Kyle felt a pang of dread as he fell, landing with a crash on the cold metal of the suspended shipping container. The jolt of the impact ran up his legs, even though the fall was only a few meters. He looked to the arm of the crane, where he saw the remaining beetles careen off the edge. They didn’t even try to follow him to the container’s edge, instead falling the full distance to crunch against the ground. He couldn’t see the fly from his angle, but with the other beetles gone Kyle felt confident in his ability to put the creature down.

And a raw, primal instinct inside him was very eager to do just that. First though, he had to figure out how to extricate himself from the container. A fall from this height would still certainly be fatal, and he didn’t relish the idea of trying to climb up the cables attached to the mechanically attached claw. He suspected the fly didn’t have much in the way of ranged combat abilities, but if it was able to do… whatever it had been doing and get him to loosen his grip for even a second it would be fatal. Unfortunately, that didn’t leave him with a lot of options. He frowned as he considered what to do next.

He had to treat his lone adversary as Schrodinger’s bug – it could be escaping, but at the same time it could be waiting for him to reveal himself and put himself in danger. He couldn’t proceed with the former assumption because it was a death sentence, but if he did nothing and it got away, he had neither the means nor the time to track it down. That in and of itself would leave staying put the safest option for him. The part of him that wanted the fly dead would not be satisfied with that outcome.

As he looked at the claws of the crane holding the shipping container steady, he had an idea. It was a very bad idea.

It was an idea that could backfire spectacularly. But as he thought about it, it made more and more sense. Sitting up on this shipping container wasn’t a viable long-term solution. He would have to get down eventually, one way or another. Worst case, if he stayed here too long the fly could convince another group of beetles to follow it and finish the job. Unlikely? Yes. Possible? Also yes. That massive justification in mind, Kyle used his baton as a prybar to disengage the hydraulic mechanisms holding one of the claws in place.

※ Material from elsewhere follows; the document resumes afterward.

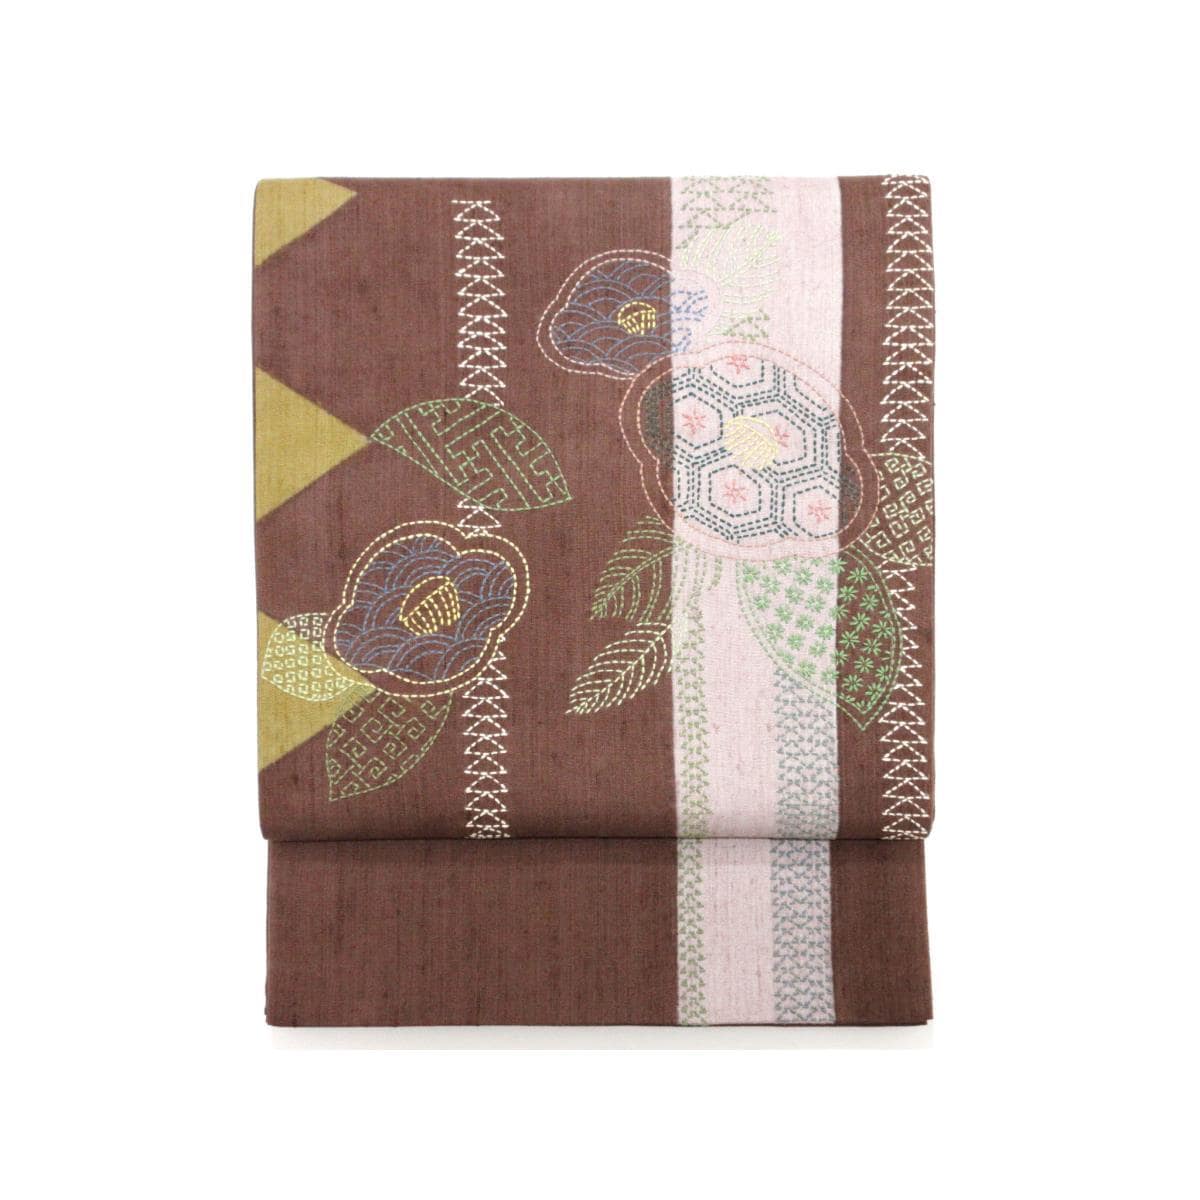 袋帶繭綢編織刺繡

With a loud groan, the claw disengaged, causing the shipping container to lurch violently as it lost support. For his part, Kyle had a strong grip on the newly released handle of the container, barely managing to hold on as it ground to a halt. Kyle had hoped it would swing in a larger arc, bringing him closer to the stairway he’d taken to the control room, but the container had stopped short. Kyle frowned as he considered his next steps, and had almost let go of his firm handhold to begin climbing when he heard another, much more ominous groan accompanied by bursts of hissing sounds.

In the release and movement of the container, something else had been shaken loose. He heard the steel around him groan in stress against the movement. The groaning of the metal ramped into a squealing crescendo, and the entire arm of the crane began to twist and fall.

Almost instinctively, Kyle activated HASTE. The magnified pain of his small injuries caused him to flinch and almost cost his grip, but he managed to hold on. It wasn’t the physical speed Kyle was hoping to tap, but rather the accelerated Perception that came along with the skill. He watched the twisting crane begin to topple the entire structure, starting with the control room. The fall caused the now free-hanging end of the shipping container to swing in an arc, and Kyle watched intently, pushing down the waves of adrenaline pushing him to act.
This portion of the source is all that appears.